NTerminal’s Natural Language Processing (NLP) Module allows for keyword analysis, context lookup, and event drill down functionality across traditional media and social data sources.

The natural language data NTerminal aggregates and analyzes includes data from traditional media sources (e.g. New York Times articles), social media (e.g. Twitter & Reddit), messenger channels, tech blogs, Github profiles and the meeting minutes and decisions of financial regulators around the world (for example we have every decision from the Securities and Exchange Commission since 1992). Our NLP modules auto-analyze natural language data and extracts named entities like companies, locations, person names, and other information. For instance, NTerminal can parse litigation releases and see the individuals or companies under investigation. It can also send information to other processors, such as our AI module, which finds patterns, simulates the behavior of market participants, and predicts future outcomes. In the example above, information extracted by our NLP module on parties involved in rulemaking cases can be used to predict whether future rule change applications will be approved or denied.

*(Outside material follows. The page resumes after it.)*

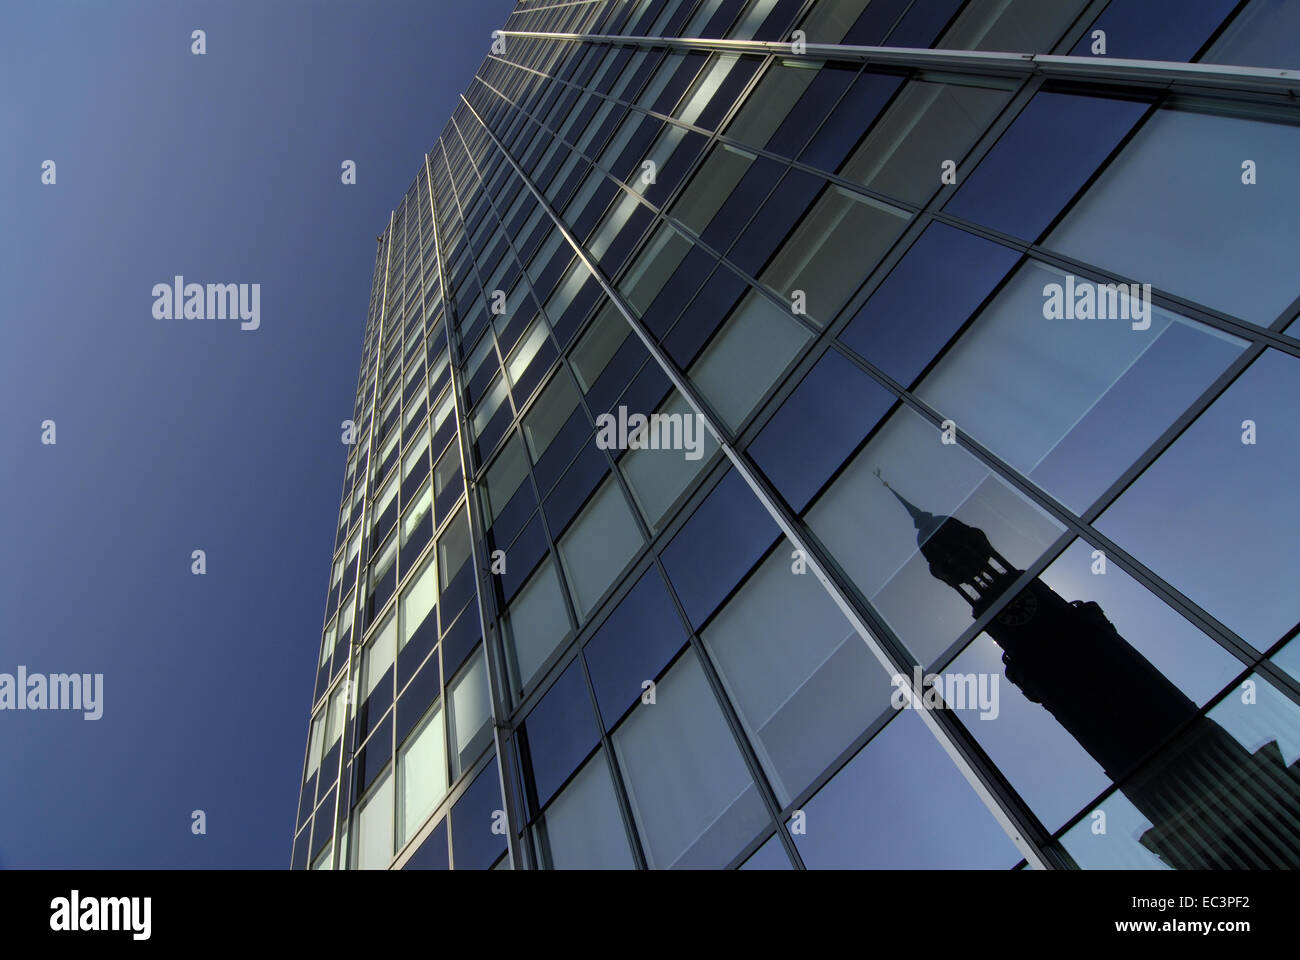 Reflexion of St. Michaelis on Glass Front, Hamburg, Germany - Stock Image

You can read more about how our NLP Module leverages sentiment analysis, named entity extraction, and machine vision by following the following links:

Standardized Field Descriptions

Field Description
time Timestamp in UTC time zone.
author Article, post or tweet author.
context Fragment of text containing the keyword.
decision SEC decision.
document_stats (stats_lines, stats_pages, stats_size, stats_words) Document statistics.
document_url Document URL.
event_source Event source: ‘SEC’, ‘EDGAR’, ‘RSS’ etc.
event_type Event type: ‘keyword’.
hashtags Hashtags retrieved from the tweet.
keyword_category Keyword category.
keyword_description Keyword description.
keyword_label Entity label the keyword refers to.
keyword_subcategory Keyword subcategory.
links Hyperlinks retrieved from the text.
match Keyword found in text; literal match.
match_pos Where the match occurs: ‘release text’, ‘title’, ‘document’.
media Image annotation and image text analysis of user media.
named_entities (person_name_candidates, organization_name_candidates, location_name_candidates) List of named entities extracted from the document.
related_documents List of related PDF documents.
release_number SEC Litigation release number.
respondents List of litigation respondents: persons and organizations.
rule_names List of SEC rules the document is related to.
source_category Source category.
source_subcategory Event source subcategory.
source_url URL where the document was published.
time Timestamp in UTC time zone.
title Document title.
user_mentions Twitter users mentioned in the tweet.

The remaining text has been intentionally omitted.